Czesc,bylysmy dzis u weta...powiedzial,ze to poczatkowe zapalenie pluc :sad2: :sad2: Dal pyziakow Baytril Oral 2.5%,raz dziennie przez 5-7 dni.... :sciana2: Jakos mnie ten koles nie przekonuje,ale antybiotyk podam.Nic innego nie kazal podawac,zadnych odzywek,nic...
Moje Bable:Gilotyna-imie wprost proporcjonalne do sposobu bycia,Luna i Histeria-dwa uszaste smierdziuszki
Za Teczowym Mostem:Szczurencjusz,Pyzunia-nie znajde juz takiego cudnego Ogonka.Nigdy.
witch
Posty: 147
Rejestracja: pt wrz 29, 2006 5:39 pm

[NARZADY PLCIOWE I MOCZOWE] oraz pasozyty

Post autor: witch »

Sluchajcie,wrocilysmy do domu jakies 6 godzin temu a pyziak nawet nosa zza koszuli nie wychyla...nie wiem co jest grane...podalam jej ten antybiotyk,a ona ciagle spi,a jesli wstanie,to jest tak przerazona,ze nawet najmniejszego szmeru sie boi...zachowuje sie gorzej niz w pierwszy dzien,o co tu chodzi???nie je,nie pije...nic...jutro zadzwonie do mojego starego weta z polandii chyba... :sad2:
Ostatnio zmieniony czw paź 19, 2006 11:43 pm przez witch, łącznie zmieniany 1 raz.
Moje Bable:Gilotyna-imie wprost proporcjonalne do sposobu bycia,Luna i Histeria-dwa uszaste smierdziuszki
Za Teczowym Mostem:Szczurencjusz,Pyzunia-nie znajde juz takiego cudnego Ogonka.Nigdy.
Awatar użytkownika
limba
Posty: 6307
Rejestracja: pn gru 06, 2004 10:42 pm
Lokalizacja: Warszawa

[NARZADY PLCIOWE I MOCZOWE] oraz pasozyty

Post autor: limba »

Nie przerywaj antybiotyku.

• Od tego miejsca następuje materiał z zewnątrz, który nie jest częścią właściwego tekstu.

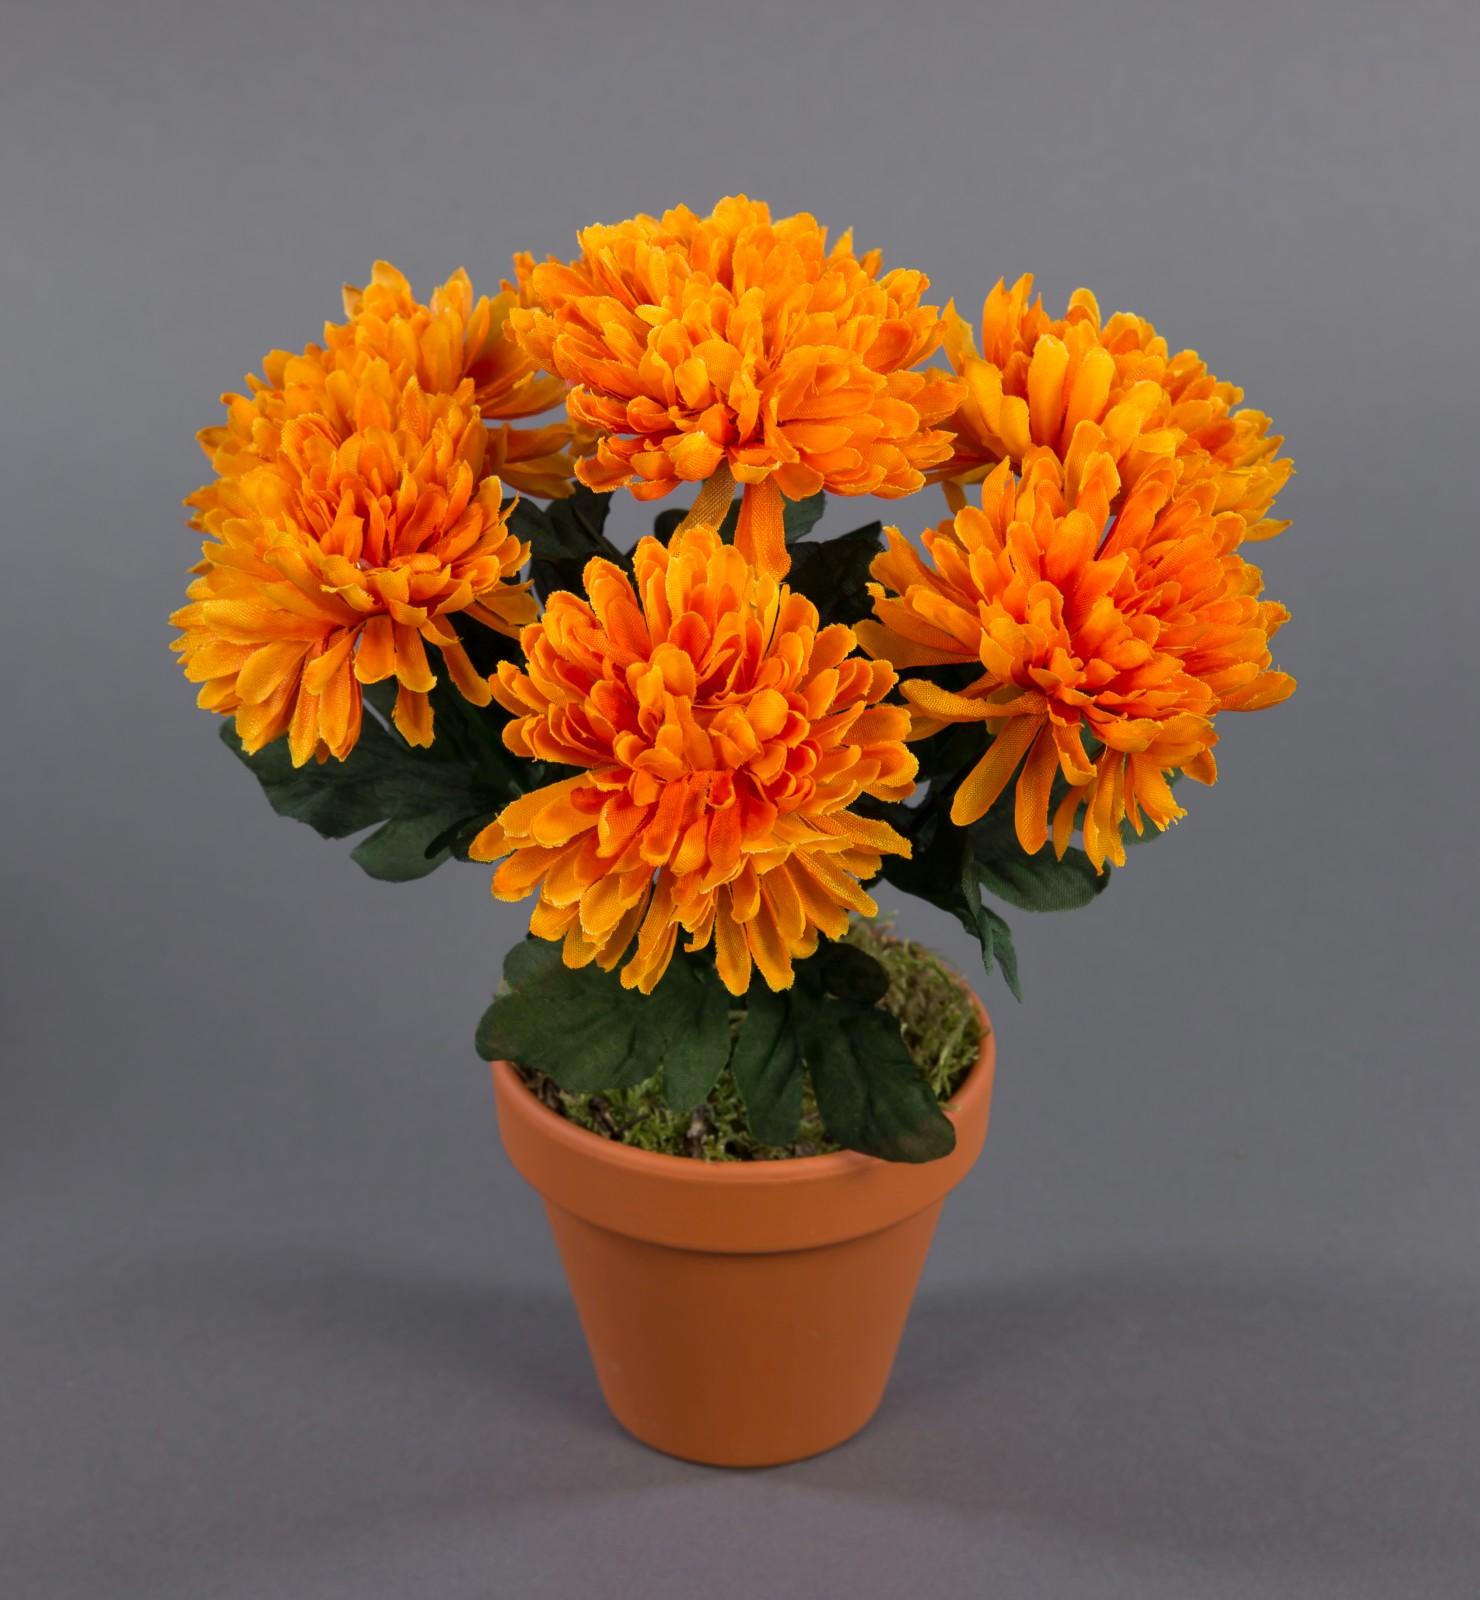 chrysanthemenbusch 26cm orange im topf dp kunstpflanzen k nstliche chrysantheme pflanzen blumen. Black Bedroom Furniture Sets. Home Design Ideas

Koniecznie mala dokarmiaj i dopajaj. Moze z palca lepiej jej pojdzie, a najlepiej jakbys zaopatrzyla sie w strzykawke i przez nia dokarmiala mala (oczywiscie bez igly). Mozliwe ze ma gorszy dzien. Oczywiscie obserwuj ja, i jesli jutro bedzie tak samo to znowu do weta. Przejrzyj tematy o zapaleniu pluc, moze cos Cie jeszcze nakieruje.
Aniołki: ['] Garek, Jeff(ka), Chrupek, Teodor, Kapunio, Freska, Żelka, Mufka, Bee-Bee, Kluska, Fryt, Keksik, Frocia, Imbirek, Pchełka, Klapuś [']
witch
Posty: 147
Rejestracja: pt wrz 29, 2006 5:39 pm

[NARZADY PLCIOWE I MOCZOWE] oraz pasozyty

Post autor: witch »

Dzieki,juz stracilam nadzieje ze ktos odpowie....wyszla teraz z klatki,ale z jedzeniem niekoniecznie,musze ja jeszcze dopoic.Najdziwniejsze jest to,ze tak sie pogorszylo dopiero po tej wizycie ....ciagle sie biedna boi,a ja razem z nia..:sad2:
Moje Bable:Gilotyna-imie wprost proporcjonalne do sposobu bycia,Luna i Histeria-dwa uszaste smierdziuszki
Za Teczowym Mostem:Szczurencjusz,Pyzunia-nie znajde juz takiego cudnego Ogonka.Nigdy.
Awatar użytkownika
limba
Posty: 6307
Rejestracja: pn gru 06, 2004 10:42 pm
Lokalizacja: Warszawa

[NARZADY PLCIOWE I MOCZOWE] oraz pasozyty

Post autor: limba »

A miala robiony zastrzyk? Czasem to jest tak duzy stres dla zwierzaka ze moze miec takie stany lękowe.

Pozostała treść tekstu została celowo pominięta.